- _About this exercise_
Every line below is to be copied exactly, with the pictures left out.

- _Material provided_
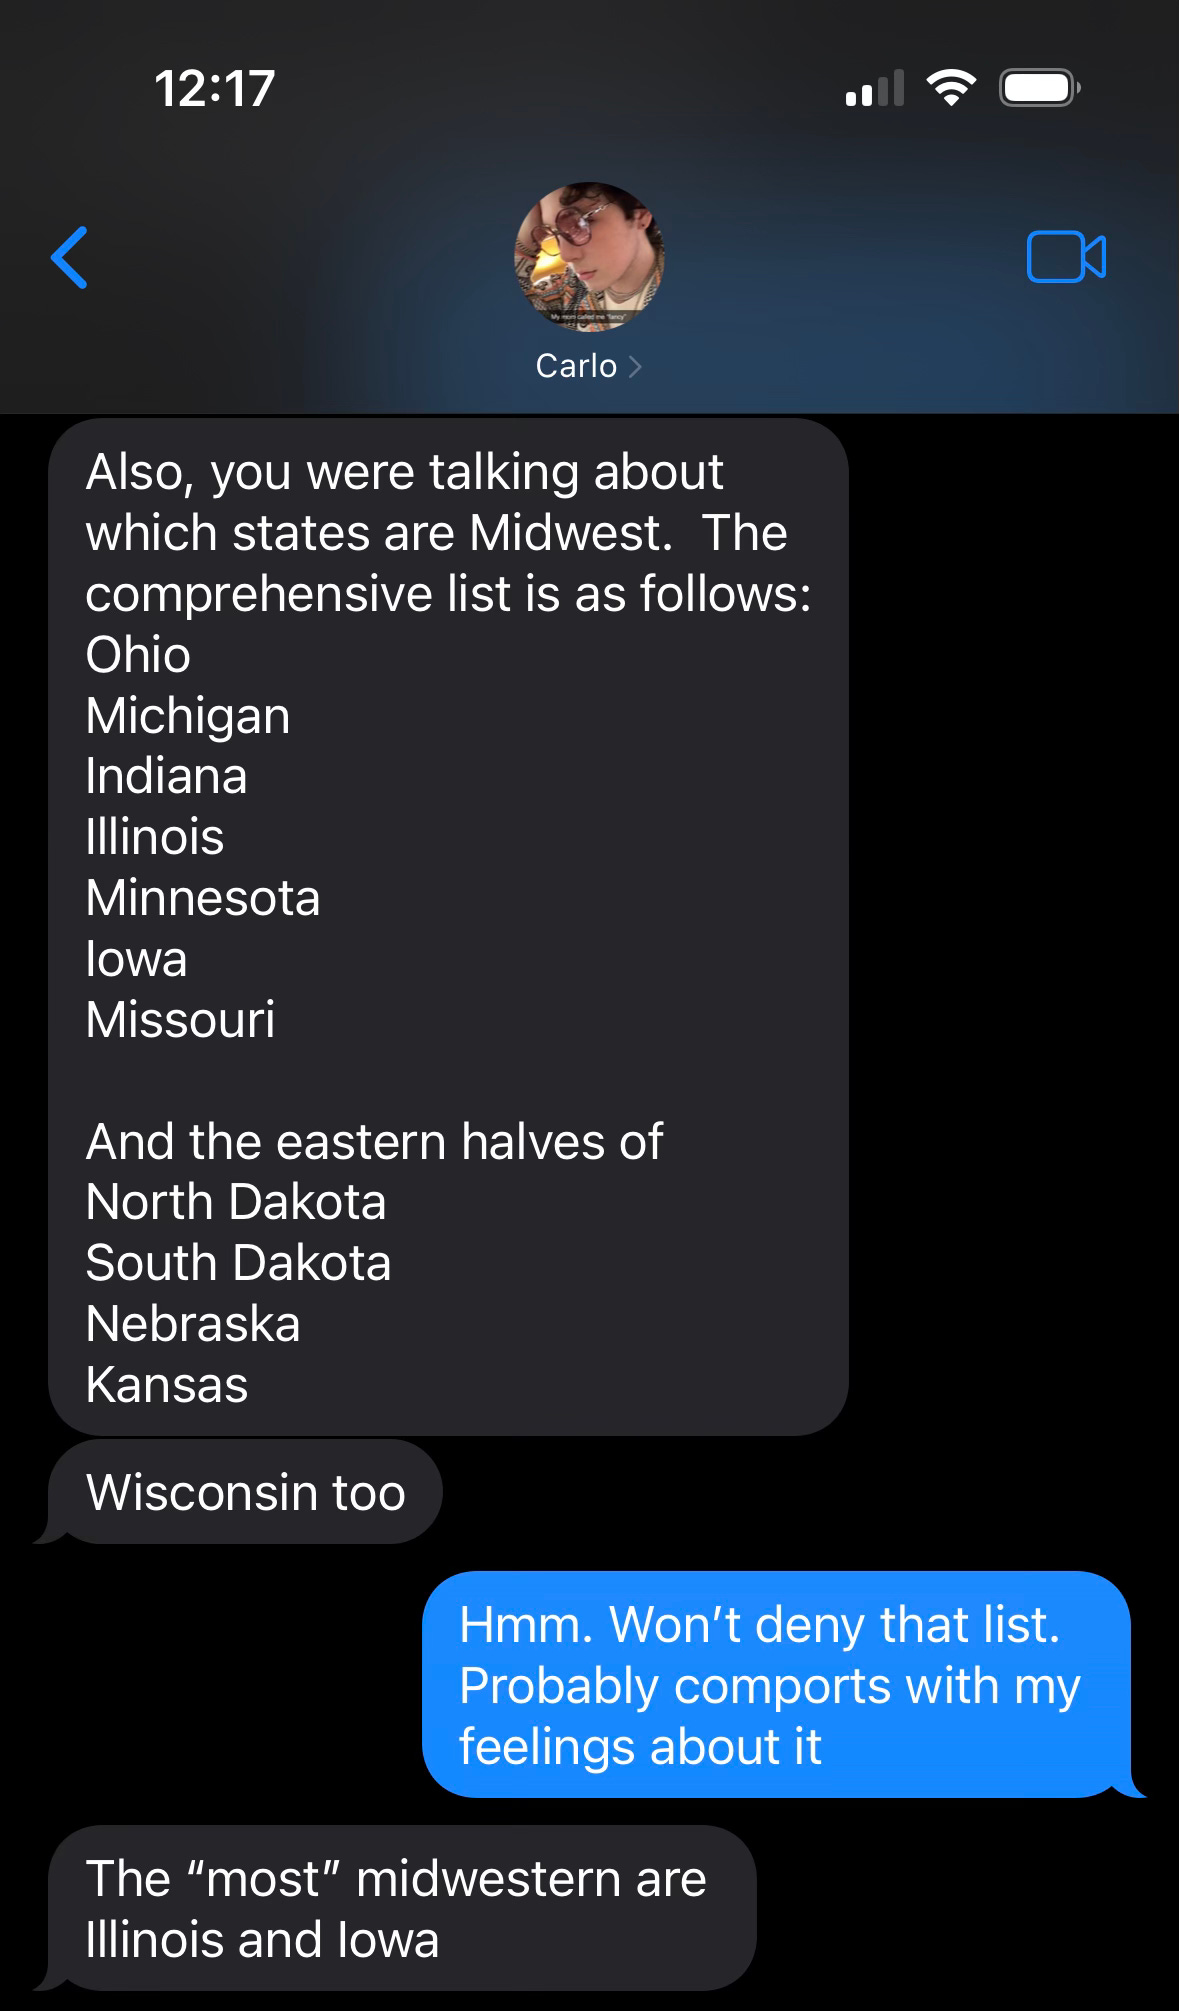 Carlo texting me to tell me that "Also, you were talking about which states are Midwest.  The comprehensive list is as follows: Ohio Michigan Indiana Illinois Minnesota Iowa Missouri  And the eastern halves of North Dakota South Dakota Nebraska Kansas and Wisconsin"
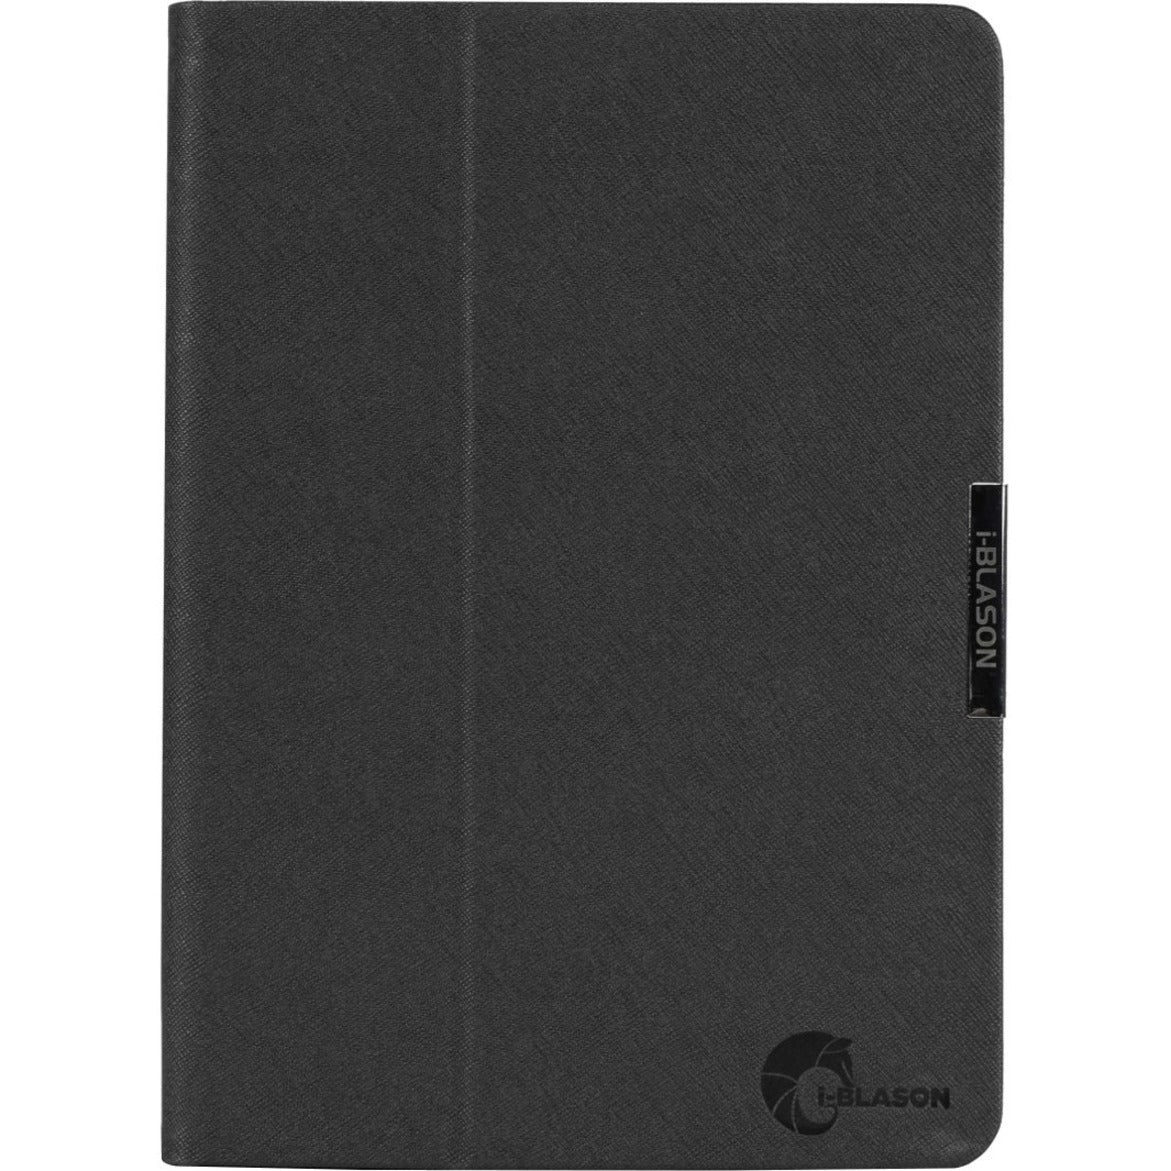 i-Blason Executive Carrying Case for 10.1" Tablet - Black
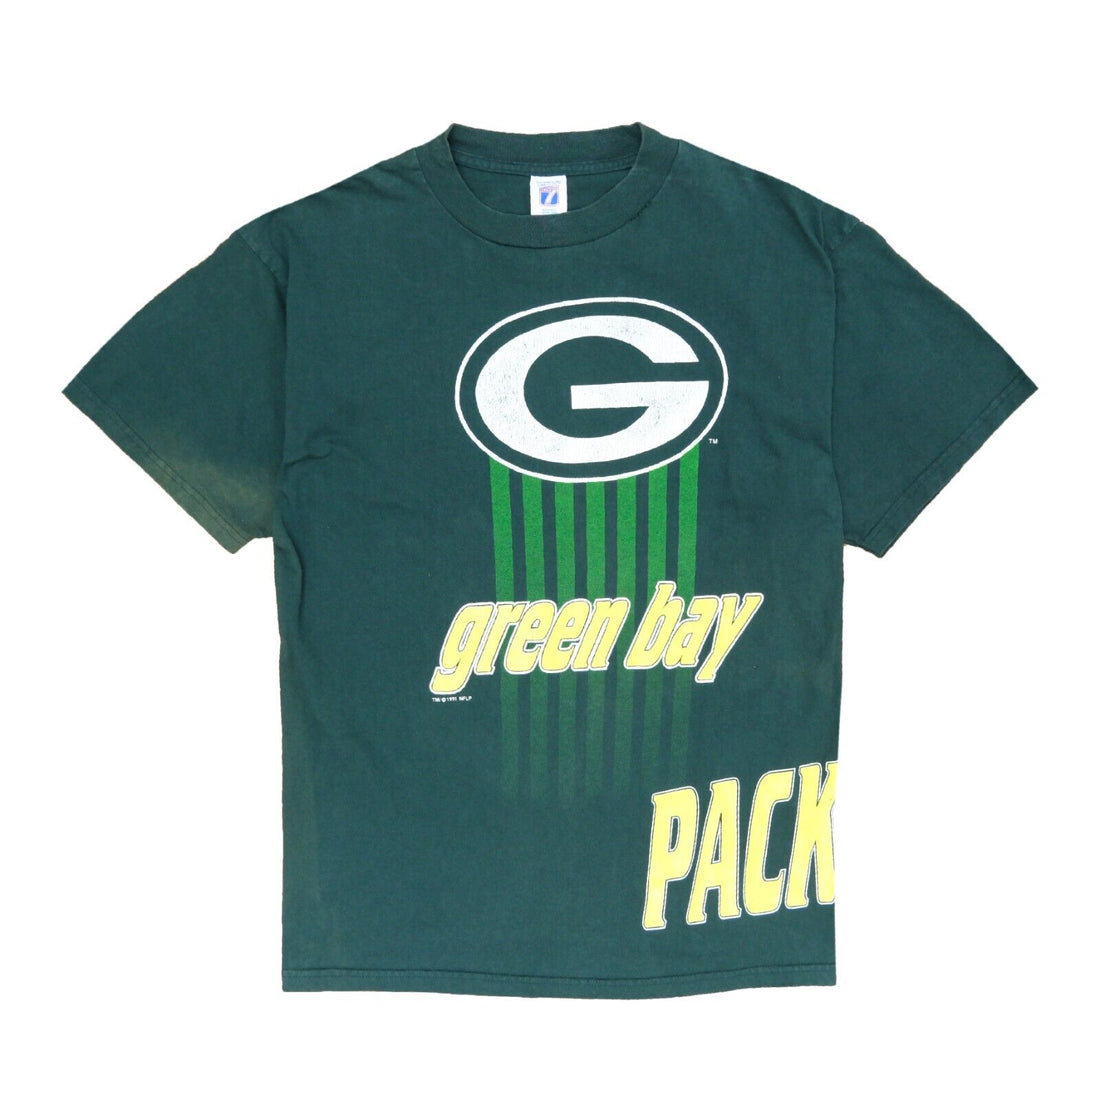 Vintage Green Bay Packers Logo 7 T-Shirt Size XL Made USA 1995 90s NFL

- _Result of this task_
 Carlo texting me to tell me that "Also, you were talking about which states are Midwest.  The comprehensive list is as follows: Ohio Michigan Indiana Illinois Minnesota Iowa Missouri  And the eastern halves of North Dakota South Dakota Nebraska Kansas and Wisconsin"
 i-Blason Executive Carrying Case for 10.1" Tablet - Black
 Vintage Green Bay Packers Logo 7 T-Shirt Size XL Made USA 1995 90s NFL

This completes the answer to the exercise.